Intel Advisor XE 2013’s workflow panel guides you through the steps to successfully add effective threading to your application. Implementation is delayed until step 5. This lets you use the active code base and continue to release product updates during the design phase (steps 1-4). The Intel Advisor XE product provides man in the loop parallelization. The workflow is shown in Figure 8.

Figure 8: Product Workflow

It is anticipated that Intel Advisor XE will provide an essential modeling element for the development of the S2P+ application, helping to identify parallel patterns in source code, measuring the results of the parallelism, verifying implemented code contains no concurrency issues, and evaluating the performance of the various parallel programming models. Note that the performance analysis results using Intel Advisor XE is based on the hardware platform where the application runs; so higher fidelity is achieved by analyzing the legacy code on a hardware platform similar to what will be deployed.


Figure 9: Intel Advisor XE Suitability Report

2.4.2  Parallel Solutions for Unmanaged Visual Basic

OpenMP is not available for unmanaged applications or components written in Visual Basic (VB). However, VB can access C++ and C based DLLs, so notionally native code products like Intel TBB and Intel Cilk Plus should be available. Neither of these two products provides COM/OLE/ActiveX interfaces for use.

2.4.3  Parallel Solutions for Managed Code (C# and VB.NET)

There is no direct support for OpenMP, TBB, or Intel Cilk Plus in managed code. Instead managed code provides support for adding parallelism and concurrency to applications via the Thread Parallel Library (TPL) [24] and the Parallel LINQ (PLINQ) [25] available only for the .NET framework version 4.0 and greater as shown in the .NET framework stack in Figure 10.

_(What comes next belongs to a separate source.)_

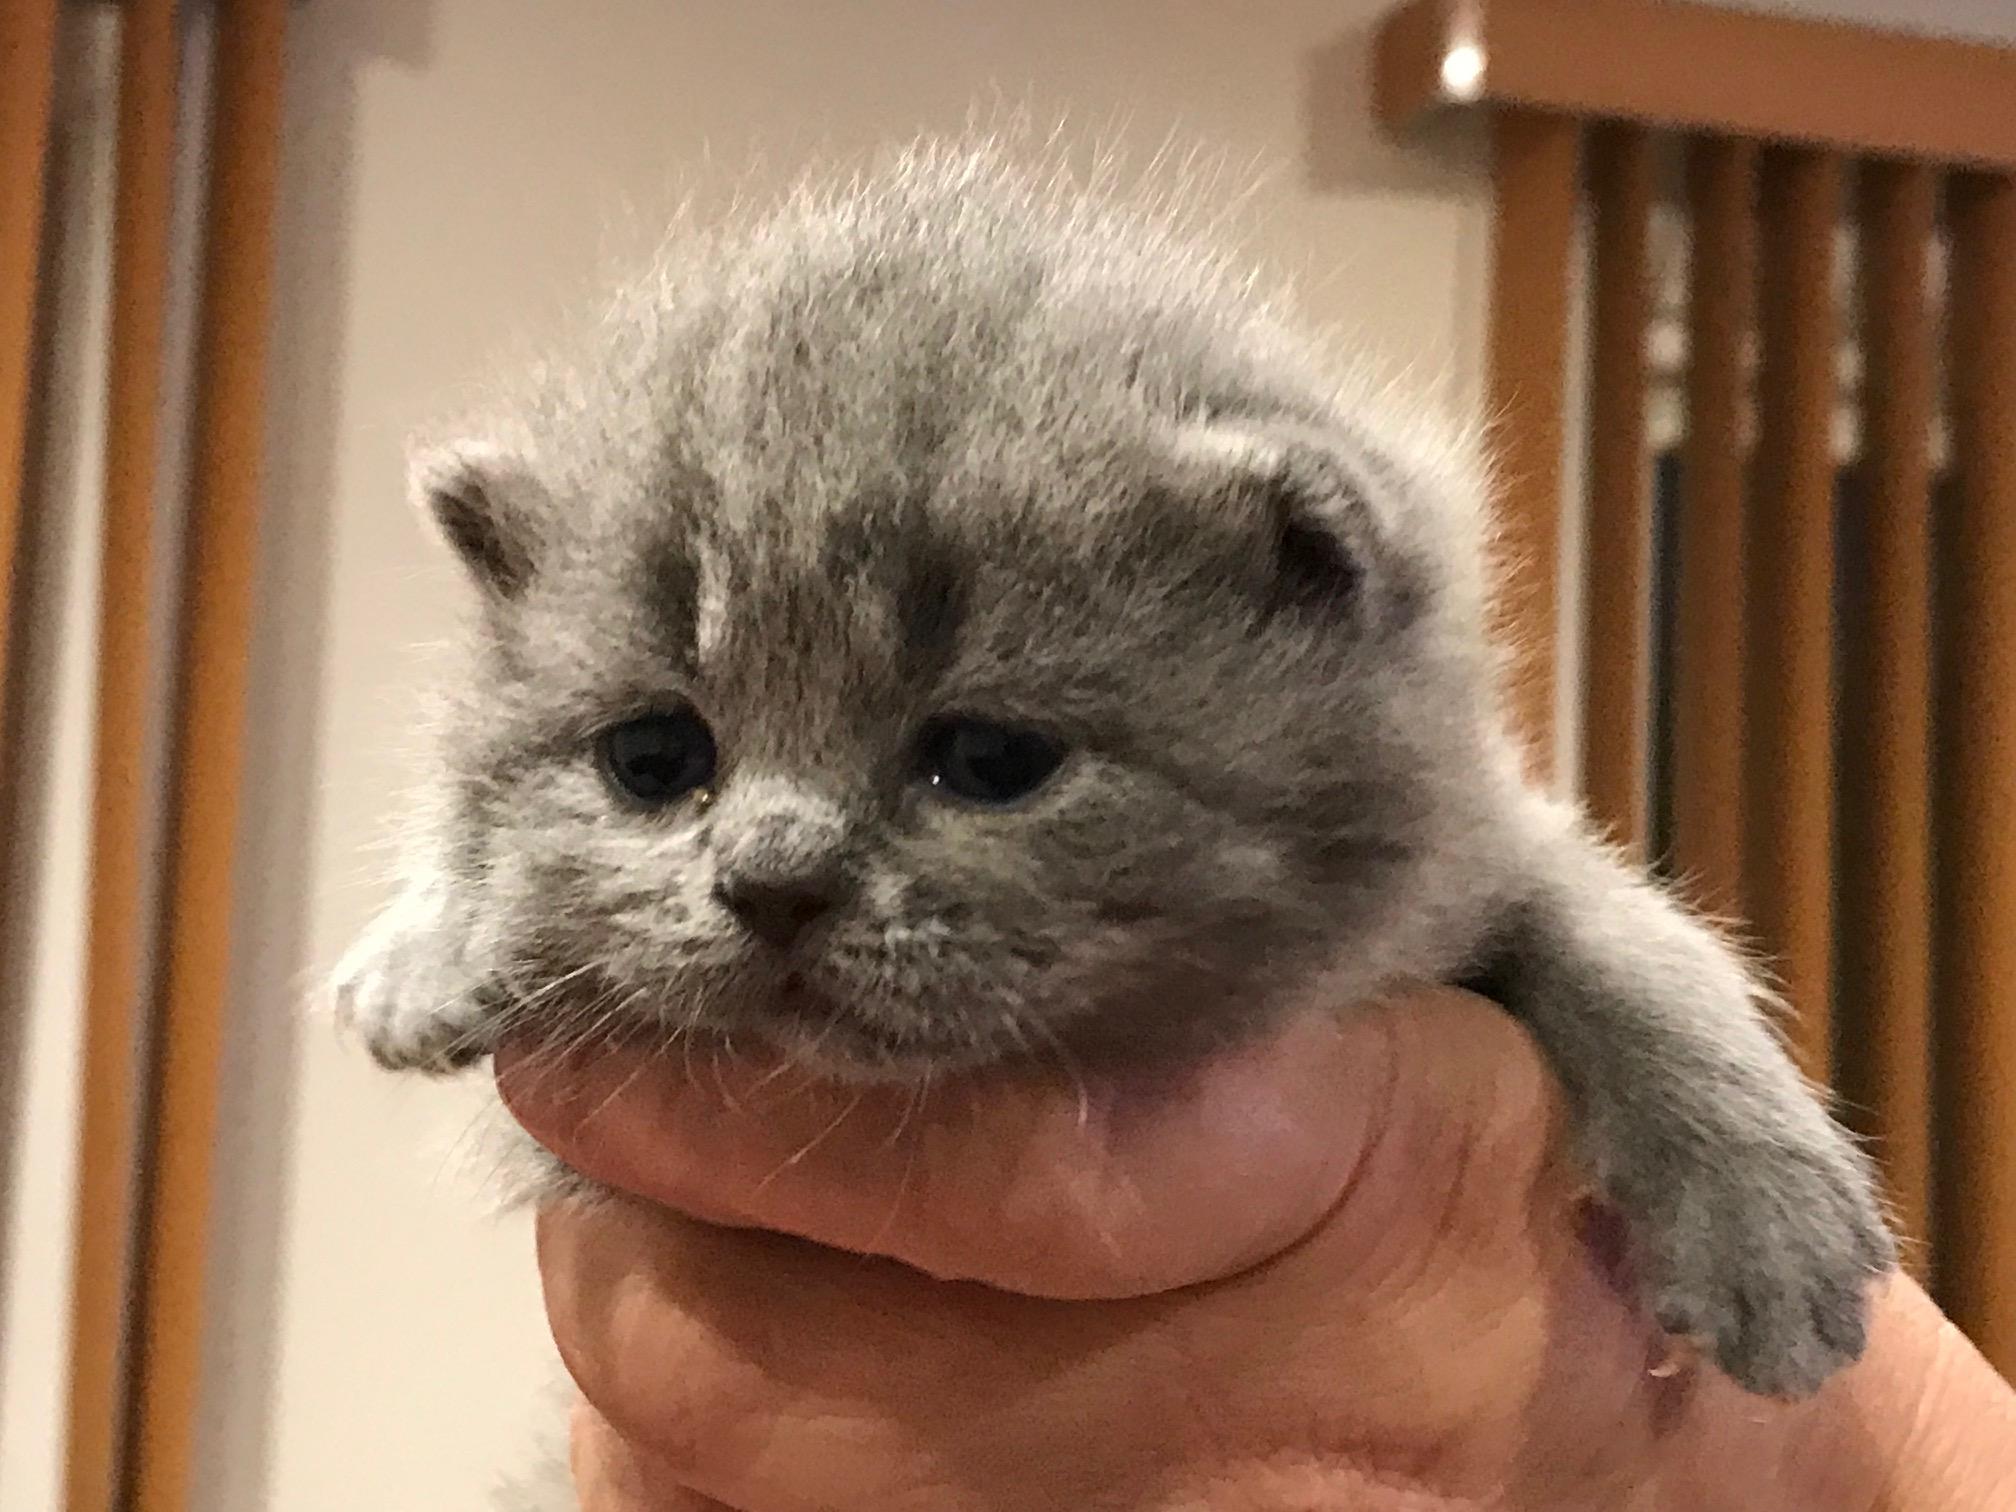 Ogłoszenie darmowe. Lokalizacja:  Philadelphia PA. BUY / SELL - Pets. For Sale Scottish Fold/Straight Kittens!!!.

Prior to .NET 4.0, it was difficult to develop applications capable of taking full advantage of multi-core microprocessors. It was necessary to launch, control, manage, and synchronize multiple threads using complex structures that were capable of handling some concurrency but not the modern multi-core systems.

Supporting data parallelism, task parallelism, and pipelining, the TPL provides a lightweight framework to enable developers to work with different parallelism scenarios, implementing task-based designs instead of working with heavyweight and complex threads.

The primary purpose of PLINQ is to speed up the execution of LINQ to Objects queries by executing the query delegates in parallel on multi-core computers. PLINQ performs best when the processing of each element in a source collection is independent, with no shared state involved among the individual delegates. To achieve optimum performance in a PLINQ query, the goal is to maximize the parts that are parallel and minimize the parts that require overhead.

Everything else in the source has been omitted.